I read every day, and I've stopped limiting myself to things I think I'll enjoy. I'm opening my mind to read broadly and then decide whether to continue. However, for this specific skill, I do want to be deliberate about the weights — because I use it specifically for learning things I can apply to my life and career.

That led me to the following weights:

Insightful: 30%
Clarity: 15%
Depth of subject: 20%
Examples: 10%
Applicable to life and goals: 25%

An Example

Here are all the rubrics with their weights and a sample score:

Insightful (30%): 4 → 0.80 × 0.30 = 0.24
Clarity (15%): 3 → 0.60 × 0.15 = 0.09
Depth (20%): 4 → 0.80 × 0.20 = 0.16
Examples (10%): 2 → 0.60 × 0.10 = 0.06
Applicable (25%): 3 → 1.00 × 0.25 = 0.25

Total = 81 out of 100.

Aggregation Method

I considered whether I want to reject an article outright if applicability or insightfulness fall below a certain threshold, but for now I'm going to leave it as-is and test it. If I find I want to change this in the near future, I'll do it then.

Reflections

This is by far my favorite AI skill I've ever built. It's one I developed for my own needs, one I keep refining, and the one I use every single weekend for something that genuinely matters to me.

It's so cool to look back a few months and see how far it's come. I've learned not only how to set up a skill with default permissions (so it doesn't ask me to confirm every tool call), but also how to create a PreToolUse hook to log which tools I use and how often, how to build user profiles, and much more. Most recently I spent a whole afternoon learning about and designing an evaluation system.

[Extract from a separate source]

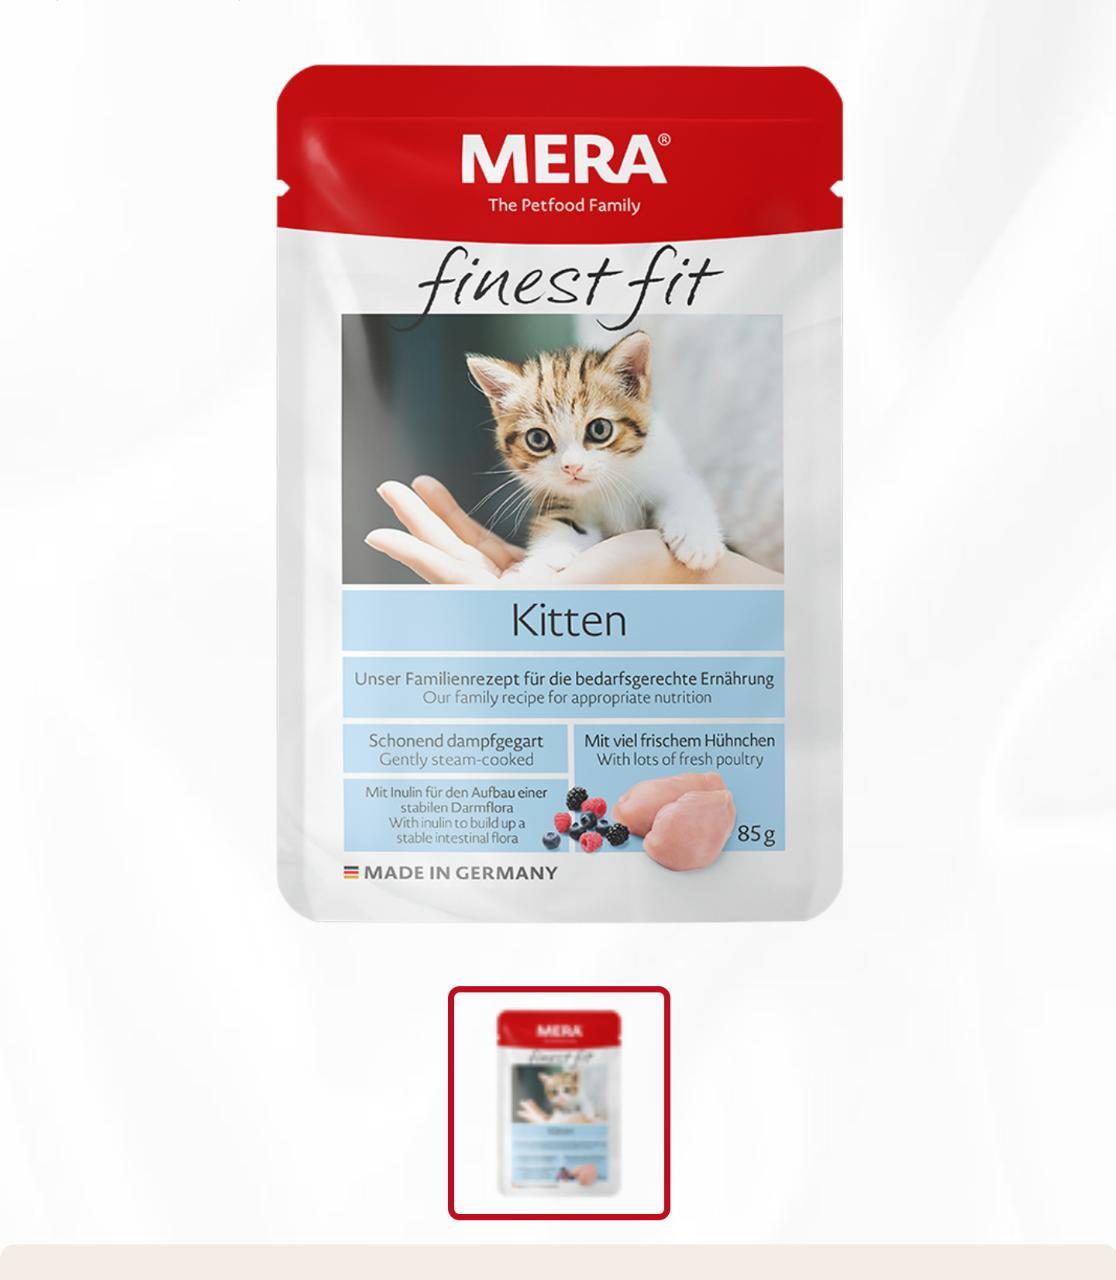 Mera Finest Fit Creamy bite ( Cat Snack ) 80g Kitten - Pet Food - Pet Store - Pet supplies

PreToolUse Hook example for Claude Code

This is what I love about AI — the things you can do with it that are deeply personal. I grew up watching sci-fi movies, and what I want one day is a Jarvis built just for me. This skill is somewhat basic, but it's helped me build a foundation for others I want to create.

I encourage anyone interested in AI to build a skill from scratch — one that helps you do something interesting and personal. That's where (I think) AI really shines.